Только вместо Годзиллы на заднем сидении Таир расположился. Посмотрел на меня серьезно так и вздохнул:
— Сколько можно бегать, Сандугач?
Я секунду другую раздумывала, а потом устроилась рядом с ним.
— Далеко собралась на этот раз?
— Зачем тебе все это, Таир?
Вопрос этот меня волновал с тех самых пор, как Шакиров спасать меня приехал. По моей вине он оказался во все эти неприятности втянут, по моей вине — на его руках кровь чужая. Может, без меня обошлось бы гораздо легче, не мне ли знать, каково жить с ощущением того, что ты убийца?
— Дура ты, Сандугач, — заявил он устало.
— Дура, — послушно кивнула я. У него под глазами тени залегли, лоб прорезан морщинами. Я руку протянула и провела по одной пальцем, а он ладонь мою перехватил и потянул к себе:
— Домой поехали, там поговорим.
В квартиру его поднимались молча, я не знала, с чего начать, Таир думал о своем. Мы его только до больницы довезли, и пока ребята из охраны разбирались, что с ним делать, я тихонько слиняла из его квартиры, хотя велено было ждать и не рыпаться. Но удрать удалось недалеко и ненадолго.
В прихожей мой чемодан стоял. Дырявый, но такой родненький: я на колени плюхнулась и его к себе прижала, точно он самым главным в моей жизни был. Открыла его, а мне первыми под ноги вывались трусики ажурные. Вокруг черного телефона перевязанные, бантиком.
— Тимур, придурок, — произнес Шакиров из-за спины. — Это он пальто твое спёр, потом телефон подкинул, чтобы следить, куда ты поедешь, Пинкертон хренов.
Обернулась, Таир в руках два бокала держит с алкоголем, один мне протянул.
— Тебе пить-то можно?
— Поговори мне, — разозлился, — нужно, я бы сказал.
Я протянутый бокал взяла, хлебнула и поморщилась от горечи. Тишина звенела, и я понимала, что должна сказать. Выговориться, иначе это всегда будет висеть между нами.

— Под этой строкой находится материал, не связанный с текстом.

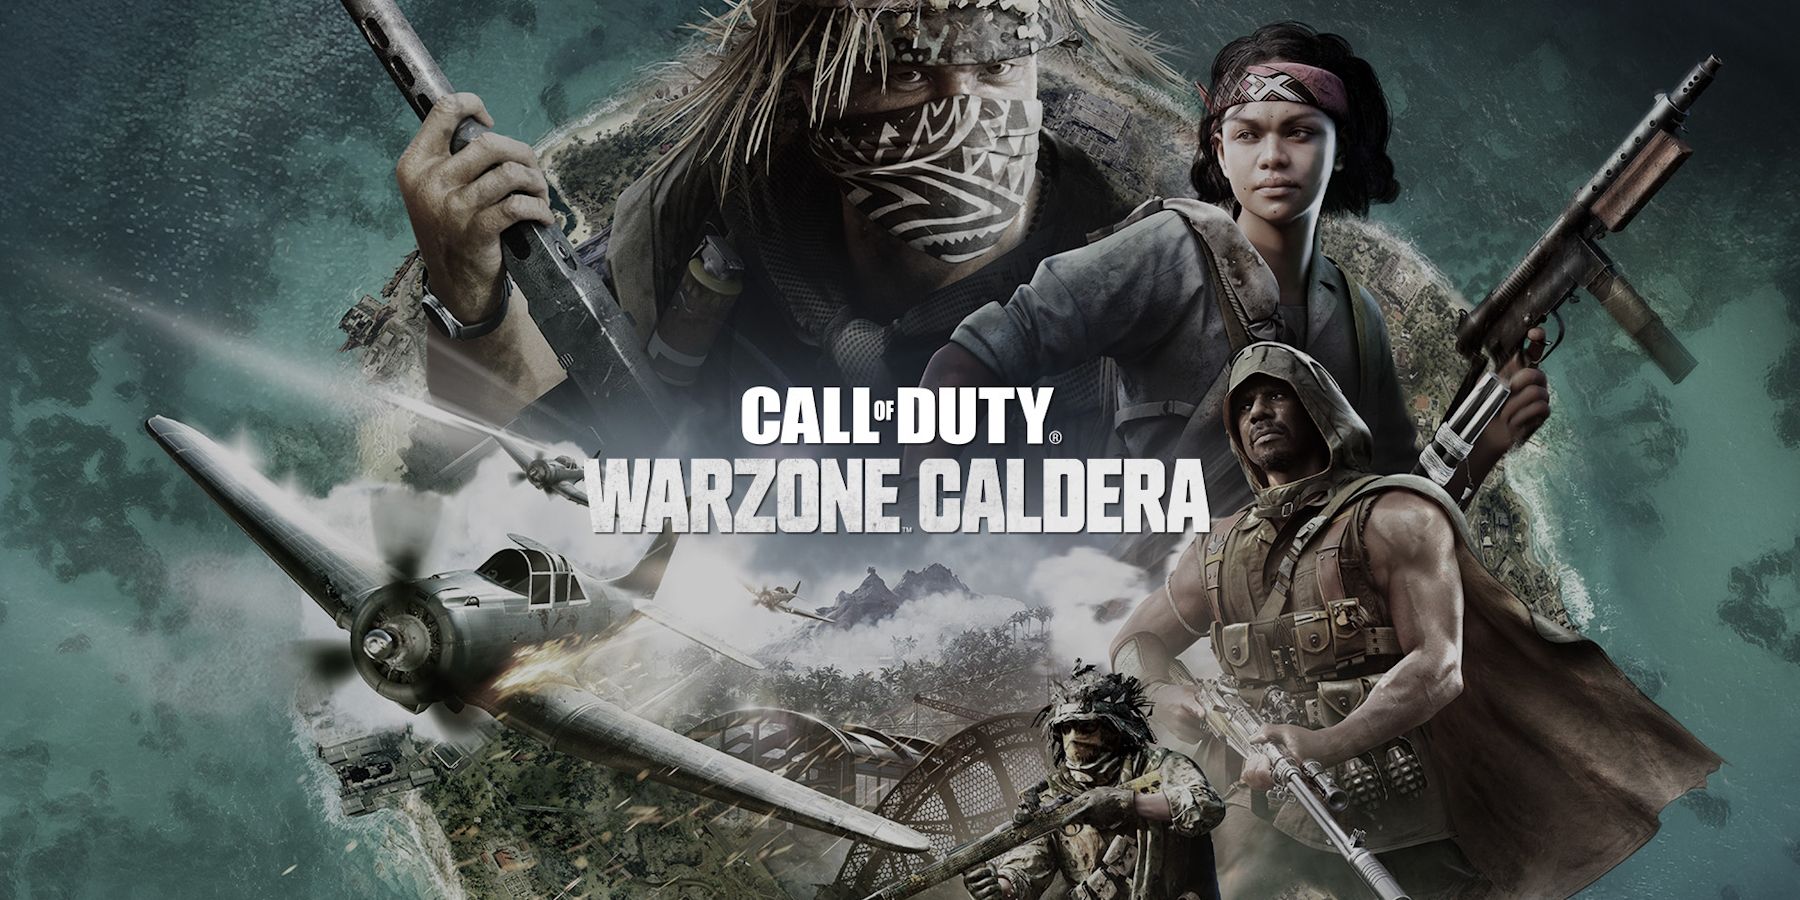 Promo art for Call of Duty: Warzone Caldera

— Я тогда, восемь лет назад…
Начала и запнулась, откровения всегда давались с трудом, — меня Артем Рогозин изнасиловал. Тебе признаться я не смогла. И не смотри на меня так! — чуть повысила голос, но тут же продолжила, — я… грязной себя чувствовала. Тебе и без меня досталось, если ещё и я бы со своими трудностями свалилась…
Я рассказывала и в глаза ему не смотрела, крутила бокал, наблюдая как алкоголь по дну переливается. В подробности той жути, что Артем со мной сотворил, вдаваться не стала, а вот дальше пришлось в красках.
— А потом я к ним домой пришла. Светка позвонила, он ее заставил. Пока доехала, Артем уже ее до полусмерти довел. А потом за меня принялся, а Света в это время уползти пыталась, на помощь позвать. Мне нож под руку подвернулся, тот, которым Артем угрожал, я ему в шею воткнула. Не раздумывала даже, сама не поняла, ничего вокруг не вижу, только лицо его ужасное и глаза эти.. как у маньяка. Пятилась от него, а он за мной ещё несколько метров полз, хрипит, кровь льется везде, не жизнь, а фильмы Тарантино… и когда он сдох, ничего я не почувствовала. Страшно было, вот и все, побежала и об Светку на пороге споткнулась, она уже не дышала к тому времени. Нож ей в руки положила, где додумалась — футболкой все протёрла своей. Вроде аффект, а это сообразила. И сбежала, думала за мной тут же придут, но не шли. День, второй, месяц… Долго в страхе жила, потом узнала, что дело закрыли, посчитали, что это Света его… мне тогда казалось, повезло, а на деле — просто отсрочку дали, чтобы Рогозин смог в своих целях меня использовать. Я-то боялась все эти годы, что от про меня узнает, а он и так знал. Представляешь? Я его сына, а он меня про запас для собственных нужд держал...
Я дошла до того самого момента. По щекам катилось, ладонью провела — слезы. Даже не заметила, что плачу. Выдохнула, на Таира посмотрела и очень тихо сказала:
— Я так привыкла жить в страхе, что за мной придут и все, что сделал Артем, повторится, что обо всем остальном даже не думала. И казалось, что выбора нет. Я знаю, что прощения мне нет, я вначале уверена была, что сделаю все, что просят, и снова смогу забыть об Артёме и о тебе. А потом поняла… только поздно было, и назад пути нет, и тебе рассказать не смогла. Ноутбук только сломала, — скомкала я свое признание. Сумбурно вышло, только и в голове ведь все так же, мысли пляшут.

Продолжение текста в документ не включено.